Background: This study was designed to determine the feasibility and outcome of laparoscopic cardiomyotomy in patients with achalasia who have persistent or recurrent dysphagia following balloon dilatation.
Methods: Ten patients who had undergone a minimum of two (range, two to seven) previous balloon dilatations underwent a single anterior cardiomyotomy extending from the gastroesophageal junction onto the esophagus proximally for 6 cm. Four patients had a Toupet fundoplication. Patients were analyzed using pre- and postoperative DeMeester symptom scores for dysphagia, regurgitation, and heartburn (0 = none-3 = maximal) and esophageal manometry.
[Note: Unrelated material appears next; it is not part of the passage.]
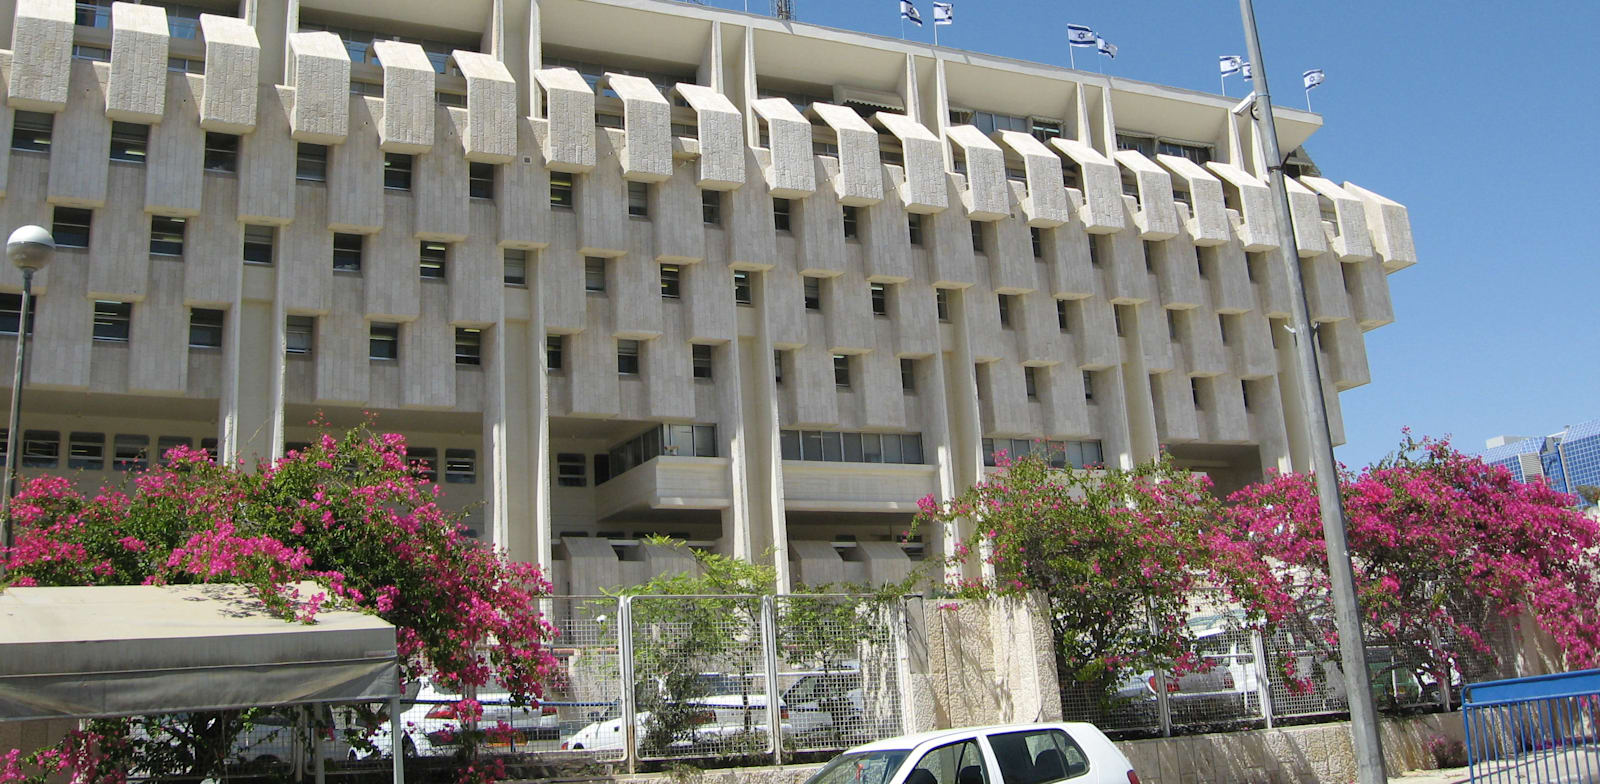 בניין בנק ישראל בירושלים / צילום: אורית דיל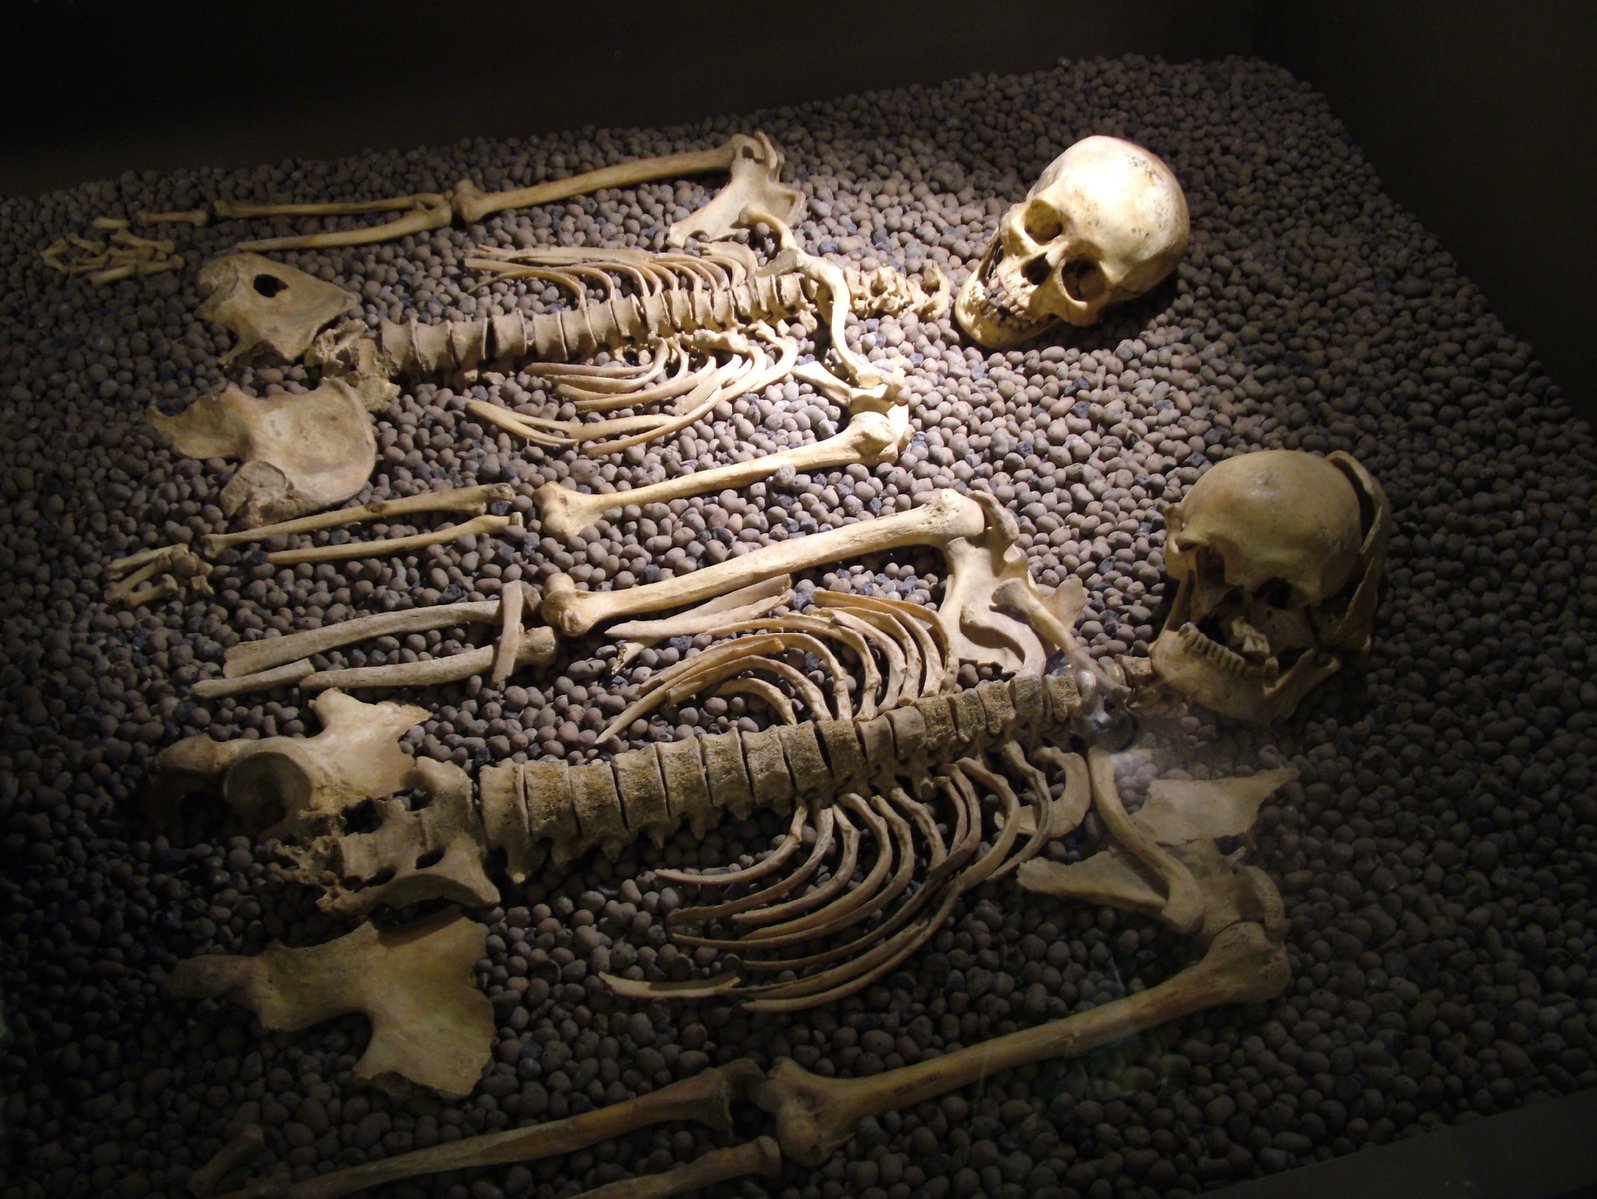 skeletons-in-bed-1403270.jpg

Results: Mean operating time was 90 min. Periesophagitis was noted in some patients but was rarely troublesome. Submucosal fibrosis was present in all patients and made dissection more difficult particularly around the cardioesophageal junction. As a result, three patients had mucosal perforations that required repair by laparoscopic suturing. There were no subsequent postoperative complications. Median (IQR) postoperative stay was 3 (2-4) days. At 3-month reassessment, there was a reduction in the median dysphagia score from 3 to 0, and also in the regurgitation score from 3 to 0. At last follow-up (median, 22 months), one patient had developed recurrent dysphagia (grade 2), which improved with dilatation. Overall success of the laparoscopic procedure was therefore 90%. Only one patient developed new symptoms of reflux (mild, grade 1) after surgery.
Conclusions: Laparoscopic cardiomyotomy provides good control of the symptoms of dysphagia and regurgitation without the morbidity of a laparotomy or thoracotomy incision. Although technically more difficult, the technique can be extended to those who have had previous balloon dilatation with complication and success rates similar to published results in patients who have not undergone previous dilatation.